HTCSA focuses on data engineering and risk management; MIE on background screening and vetting; XDS on credit information bureau; and Zenaptix on software development covering various aspects of big data.

The buyer is a company incorporated under the laws of South Africa and is currently a wholly-owned subsidiary of LR Africa Holdings.

LR Africa Holdings is advised by Lightrock, a global private equity platform.

Since 2007, Lightrock and its predecessors in title have invested in companies that pursue scalable and tech-driven business models around the key impact themes of people, planet, and productivity/tech for good, EOH notes.

The transaction is in line with EOH’s stated strategic intent of disposing of a targeted group of intellectual property companies as part of the group’s deleveraging processes and represents a significant milestone in the implementation of these processes.

The achievement of a more sustainable capital structure will allow the group flexibility to execute its long-term growth strategy.

EOH says it is confident that Lightrock is the right partner to unlock Information Services’ full potential, enabling both future growth and international expansion in its operations.

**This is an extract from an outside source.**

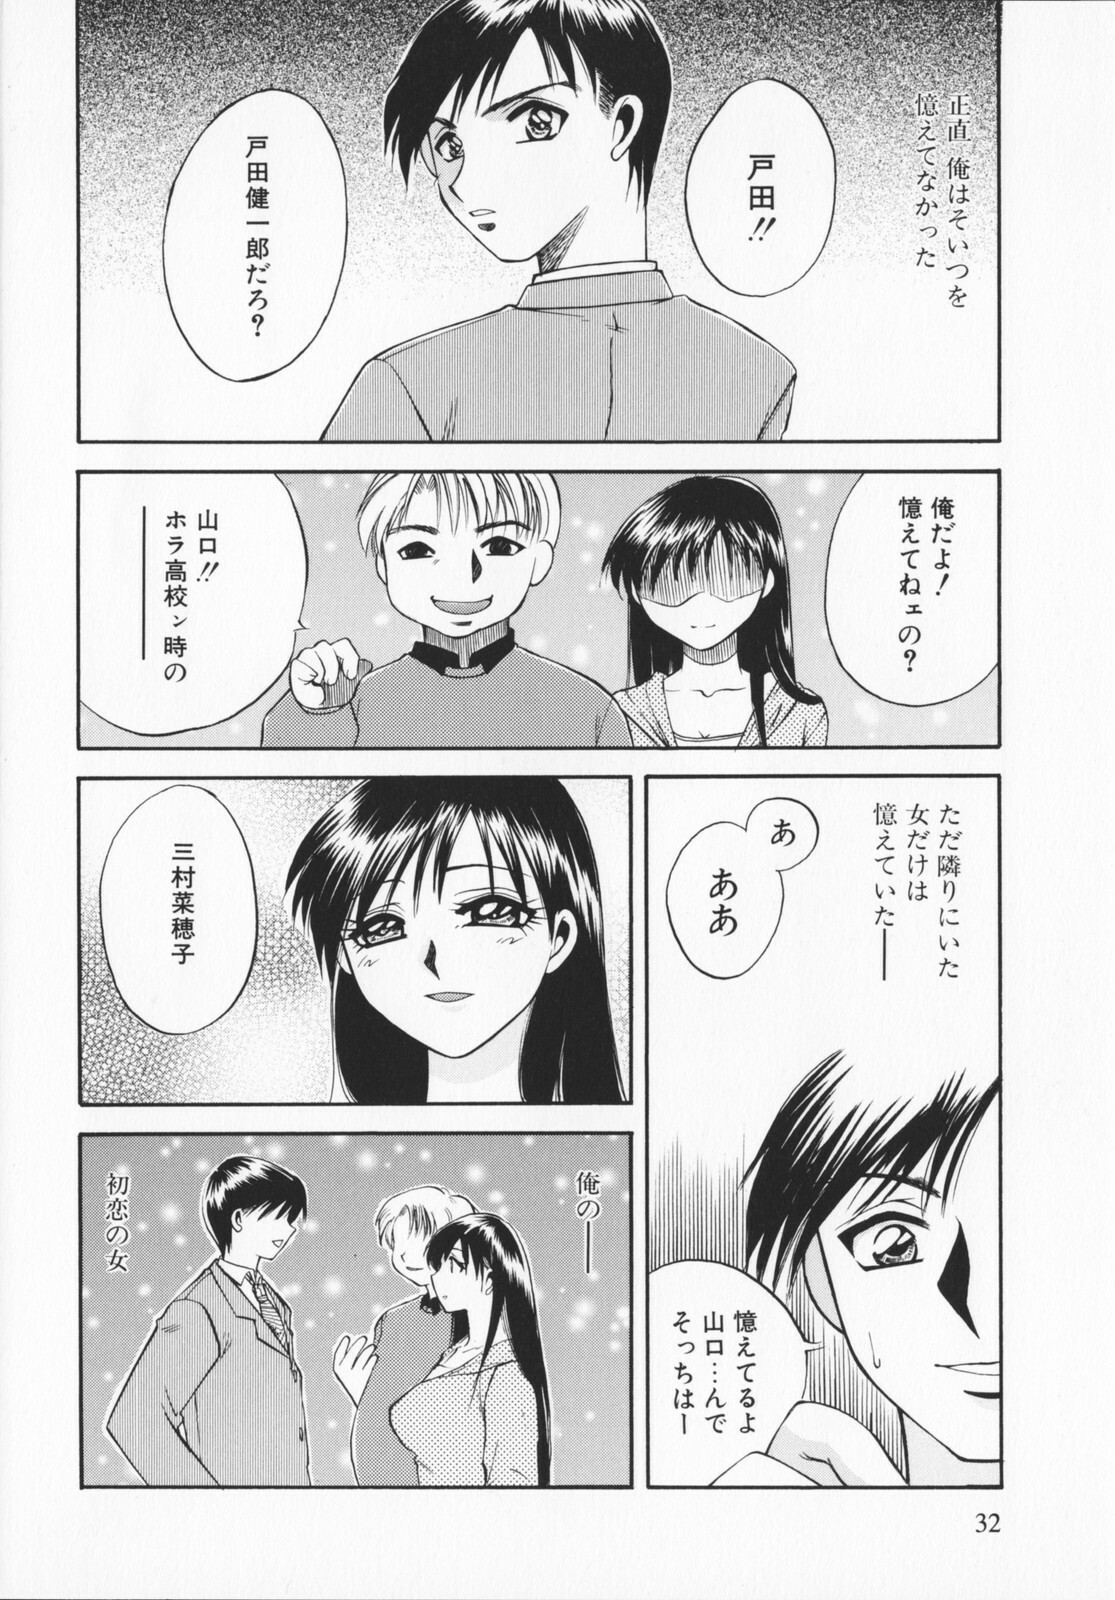 [Ureshino Megumi]Genkaiharetsu (LIMIT EXPLOSION) page 31 full

Subject to the fulfilment or waiver of the suspensive conditions, closing will take place on the last business day of the month in which the last suspensive condition is fulfilled.

The cash consideration payable by the buyer on the closing date will be calculated with reference to an enterprise value of R445-million and shall be an amount equal to the base purchase price of R417-million adjusted for final net debt and working capital benchmarks, certain one-off items and locked box adjustments as at July 31, 2021.

Interest will accrue on the cash consideration from the locked box date up to (and including) the closing date.

The buyer will fund the purchase consideration from equity and third-party debt.

The proceeds of the transaction, net of costs, will assist EOH in creating a more sustainable capital structure and will primarily be applied to reduce debt, it says.